Адам ответил только взглядом, тяжело дыша. Это был не просто трюк. Это был его способ вернуться. Вернуться туда, где ему было легче, где его не ждали ошибки и не было места для сомнений. Тут, в этом мире, под этим куполом, всё было возможно. На следующее утро, когда цирк покидал город, Адам в последний раз оглянулся на сцены, которые когда-то были его домом, и знал, что теперь ему предстоит найти что-то своё. Возможно, это было где-то в будущем, но сейчас, как никогда, он чувствовал, что цирк останется с ним.
1962 год. Февраль.
Холодный, но яркий день. Ветер пронизывал улицы, сшибая снежинки с крыш и превращая их в невидимые струи. Адам стоял на ступенях старой церкви, в руках коробочка с кольцом. Он чувствовал, как сердце стучит в груди, а дыхание всё равно тяжело, хотя он уже давно привык к переживаниям. Порой, в моменты, когда ему казалось, что жизнь становилась слишком тихой, он снова вспоминал её — ту девочку, которая когда-то приняла его безо всяких условий, без вопросов, без упрёков. Он помнил, как она когда-то встретила его с нелепыми трюками, как в тот день, когда он испортил ей книгу, она не рассердилась, а просто тихо протянула её обратно. Эми была такой же частью его жизни, как цирк. И с каждым годом он осознавал, что не может представить себе мира без неё. Он часто вспоминал тот момент, когда он впервые почувствовал это. Он стоял с ней у окна, в тени деревьев, когда, застыв в своей робости, не знал, что сказать, но всё равно чувствовал её рядом, её поддержку. В ту минуту, с полусмехом, с робким взглядом, они стали частью друг друга. Эми знала, что за всё время, что они были знакомы, Адам всегда искал что-то, что могло бы его удержать, что могло бы стать смыслом. Он потерял папу, потерял моментом смысл жизни, но она осталась. И теперь, когда он стоял здесь, с кольцом, он понимал: всё, что ему нужно было, — это быть рядом с ней. Нервно поправив галстук, Адам поднялся по ступенькам и вошёл внутрь церкви. Эми уже ждала его. Она была такая же, как и всегда — искренняя, спокойная, с мягкой улыбкой, готовая поддержать. Но сегодня она была немного другой. Она, наверное, уже чувствовала, что что-то важное должно произойти. Он подошёл к ней, встал рядом и молча протянул коробочку.

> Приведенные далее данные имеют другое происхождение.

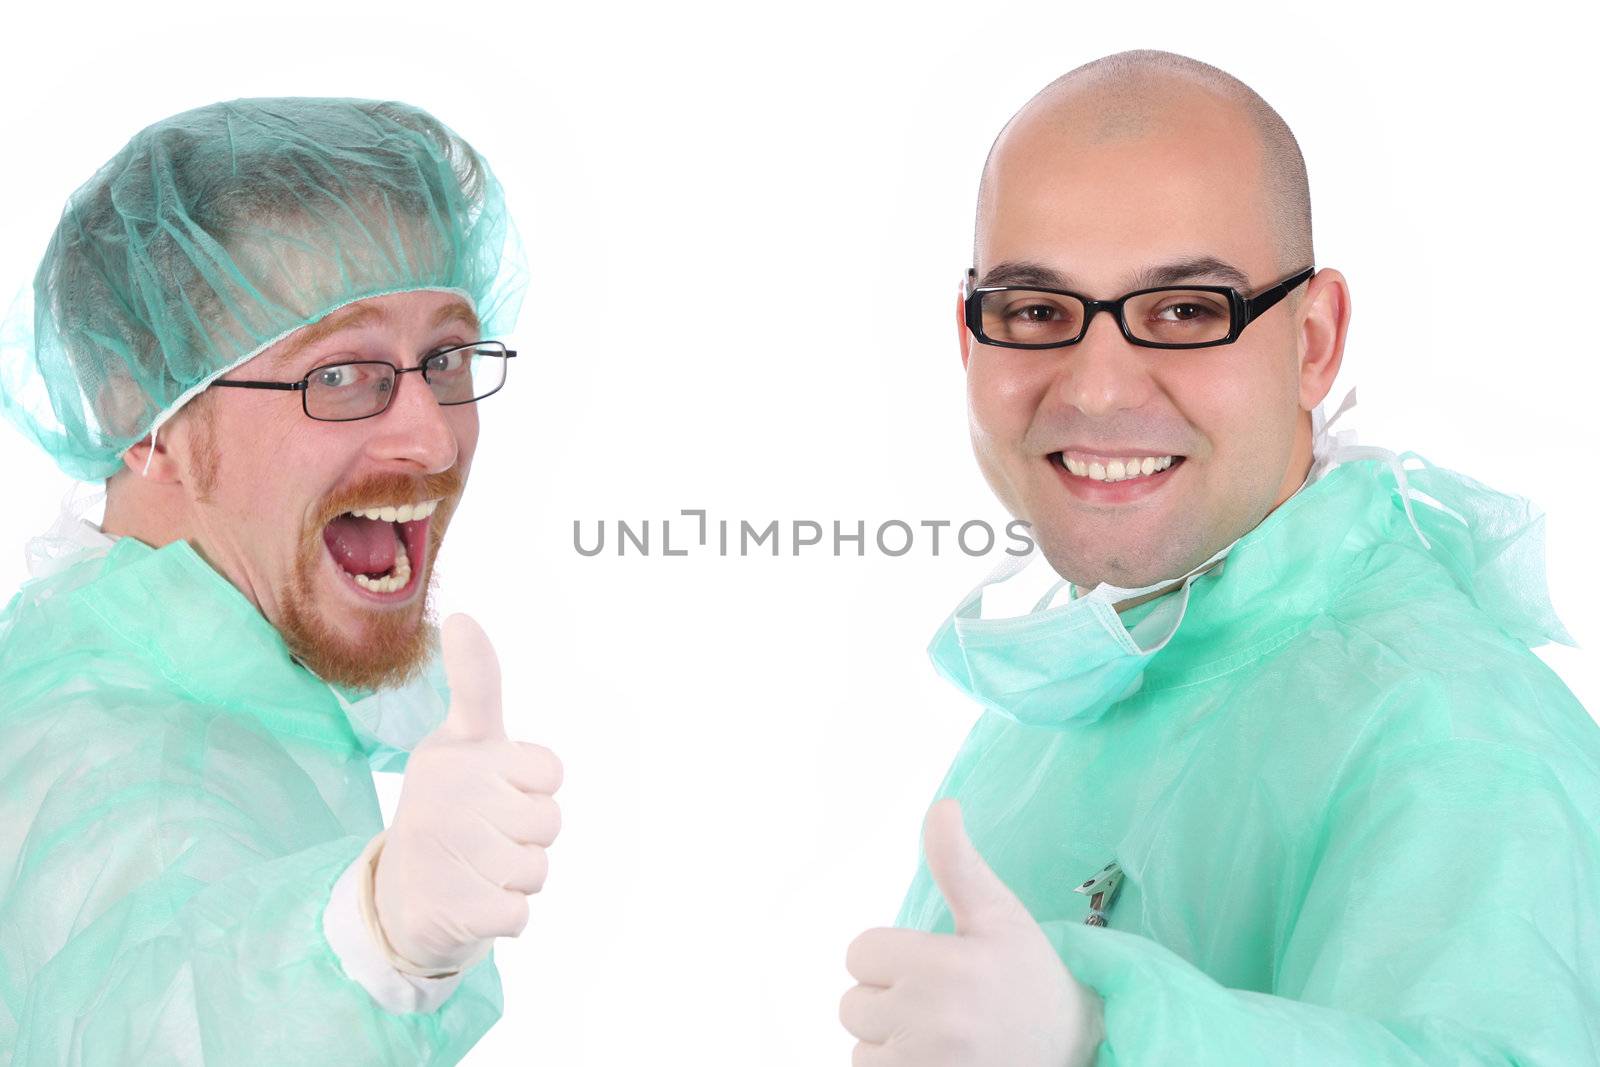 Details two surgeon happiness on white background

— Эми... — его голос звучал слабо, неуверенно. Но всё-таки он продолжал: — Ты для меня значишь всё. Я хочу, чтобы ты стала частью моей жизни навсегда. Я знаю, что прошёл через многое, но ты всегда была рядом. Будешь ли ты моей женой?

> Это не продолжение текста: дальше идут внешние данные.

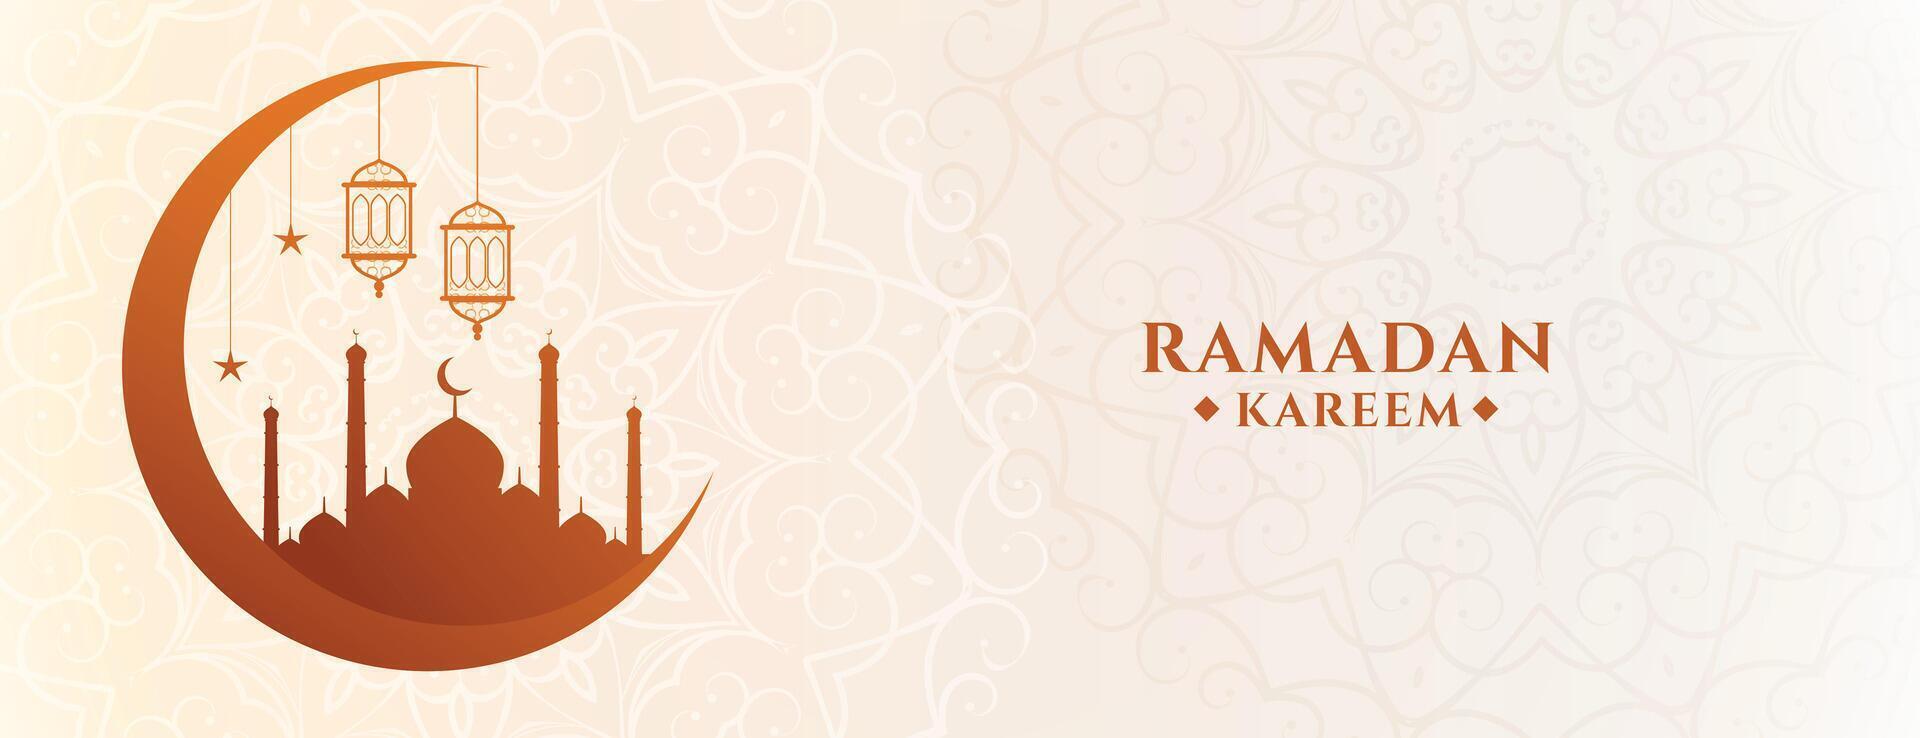 ramadan blessing banner with mosque and moon vector
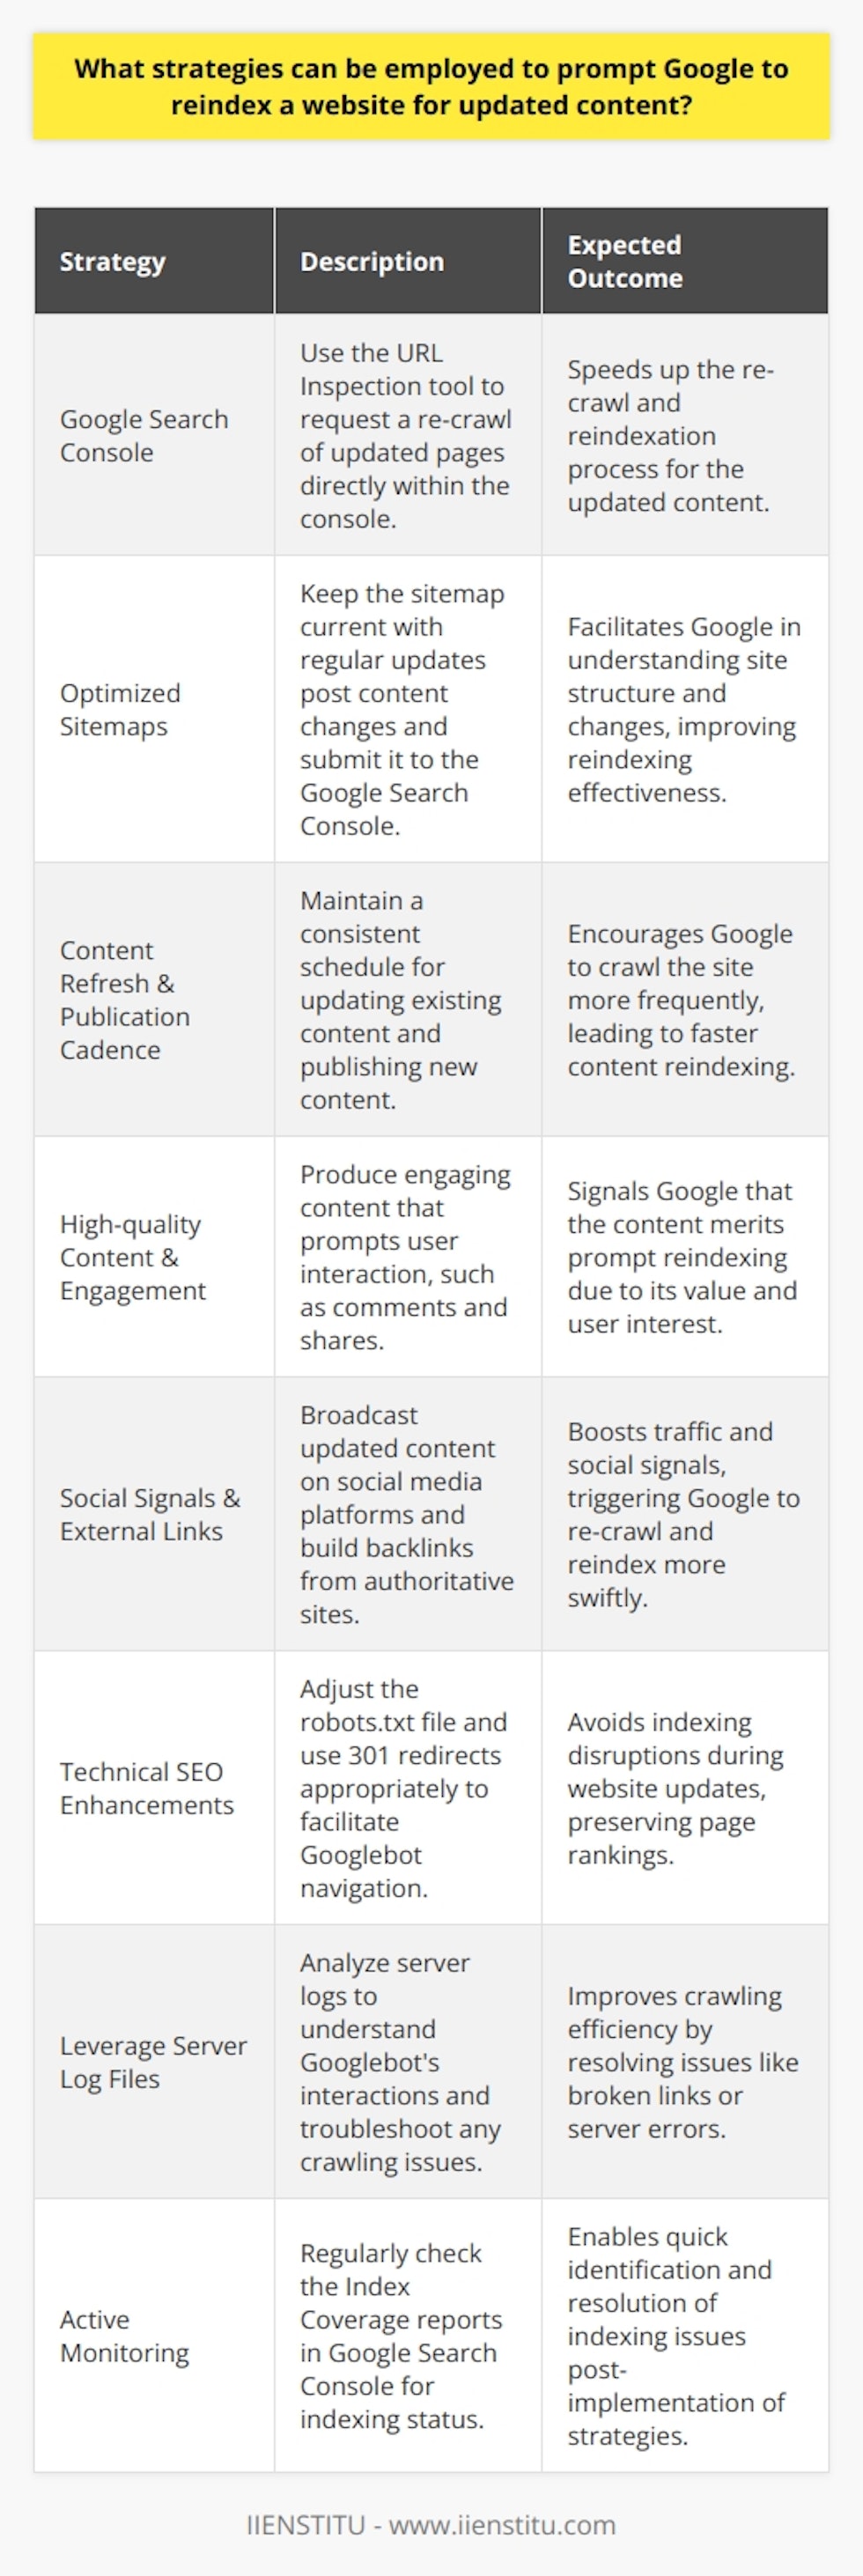 When updating content on a website, it's important to signal to Google that your pages have changed and need to be re-crawled and reindexed to reflect the updates. Below are tailored strategies to achieve this.**Strategic Use of Google Search Console**The Search Console is an invaluable tool provided by Google. Within the console, use the URL Inspection tool to request a re-crawl of updated content. This direct approach can speed up the reindexation process.**Optimized Sitemaps**Ensure that your sitemap is updated regularly, especially after content changes. A current sitemap submitted to Google Search Console helps Google understand the structure of your site and any recent updates. It acts as a map that Google can follow to reindex your content.**Content Refreshment and Publication Cadence**Regularly refreshing your content and maintaining a steady rhythm of publishing new content can condition Google to crawl your site more often. Google's algorithms prefer fresh, updated content, and this can lead to more frequent indexing.**High-quality Content and User Engagement**Google favors content that engages users. Increased user interactions, such as comments, shares, and time on page, may indicate to Google that the content is valuable and therefore should be indexed promptly.**Social Signals and External Links**Social media can be a trigger for faster reindexation. Sharing updated content on social platforms can generate traffic and social signals, which can prompt Google to re-crawl and reindex a page. Building quality backlinks from other authoritative sites can also lead to increased crawl rates and faster indexing.**Technical SEO Enhancements**Ensure that your robots.txt file isn't inadvertently blocking Google from crawling updated pages. Use 301 redirects wisely to avoid losing any page rank during content updates and migrations. Clear directives in your robots.txt file and proper use of redirects can ensure Google's bots navigate and index your site correctly.**Leverage Server Log Files**By analyzing server log files, you can understand how Googlebot interacts with your website. This allows you to identify and fix problems that might be preventing efficient crawling and indexing, such as broken links or server errors.**Active Monitoring**After applying these strategies, actively monitor indexing status using the Google Search Console. Keep an eye on Index Coverage reports to identify if Google encounters any issues while accessing your content for indexing.By combining these strategies, webmasters can signal to Google that their site's content has been updated and needs attention. This holistic approach helps ensure that the website’s content remains dynamic in Google's index, enhancing visibility and relevancy in search results.

Она замолчала, её глаза стали немного влажными. Несколько секунд, которые показались вечностью, она смотрела на него, словно пытаясь понять, насколько искренни его слова. Наконец, она кивнула, едва слышно произнеся:
— Да, Адам. Я буду!
В этот момент время как будто остановилось. Мир за пределами церкви исчез, и остались только они двое. Это было их обещание. Не просто обещание любви, а обещание верности в любой буре. Они оба пережили слишком много потерь, слишком много боли, чтобы не оценить это тихое, но такое важное счастье. Адам тихо вздохнул, его плечи расслабились. Всё, что он мог чувствовать в этот момент спокойствие. Всё, что он хотел, было здесь, рядом с ней. Прошло два года. Адам стоял перед старым зданием цирка, вдыхая знакомый запах разогретого дерева, свежего покрытия для манежа и пыли из кулис. Теперь он уже не тот мальчик, который когда-то пытался запутать зрителей своими неуклюжими фокусами. Он не был тем, кто просто повторял движения отца, стремясь быть похожим на него. Адам стал артистом, человеком, который наконец-то нашёл своё место в том, что, казалось бы, когда-то просто игрой, забавой. Он закончил актёрское, получив не только знания, но и уверенность в себе, в своих силах. Учёба была непростой, но он смог преодолеть все сложности, ведь в его душе уже давно горела искра желания вернуть цирку его прежнюю славу, добавить ему новую жизнь. Эми поддерживала его на этом пути, и её вера в него была для Адама одной из самых сильных опор. Когда настал момент, он подошёл к своему дяде Джерри и попросил принять его на работу. Это было не просто желание, а необходимость, он чувствовал, что не может больше быть сторонним наблюдателем, что он должен встать в этот круг, занять место, которое когда-то было отца. Джерри, который был ему почти как второй отец, сразу понял — это тот момент, когда его племянник готов встать на место Джереми, а может быть, и превзойти его. Джерри, несмотря на внутреннюю грусть, с которой он видел уход старого времени, не сомневался.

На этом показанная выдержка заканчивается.